++++ Extracted data ++++
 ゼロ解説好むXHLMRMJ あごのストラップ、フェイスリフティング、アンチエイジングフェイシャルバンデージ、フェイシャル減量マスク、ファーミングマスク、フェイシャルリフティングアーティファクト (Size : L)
++++
++++ Extracted data ++++
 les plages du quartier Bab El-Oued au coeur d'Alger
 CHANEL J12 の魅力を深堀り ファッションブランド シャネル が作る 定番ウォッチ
++++
■ **What is needed**:
Word for word, restate the lines of the data above that fall between the line holding "les plages du" and the line holding "CHANEL J12 の魅力を深堀り", inclusive, and no other lines.

■ **Result**:
 les plages du quartier Bab El-Oued au coeur d'Alger
 CHANEL J12 の魅力を深堀り ファッションブランド シャネル が作る 定番ウォッチ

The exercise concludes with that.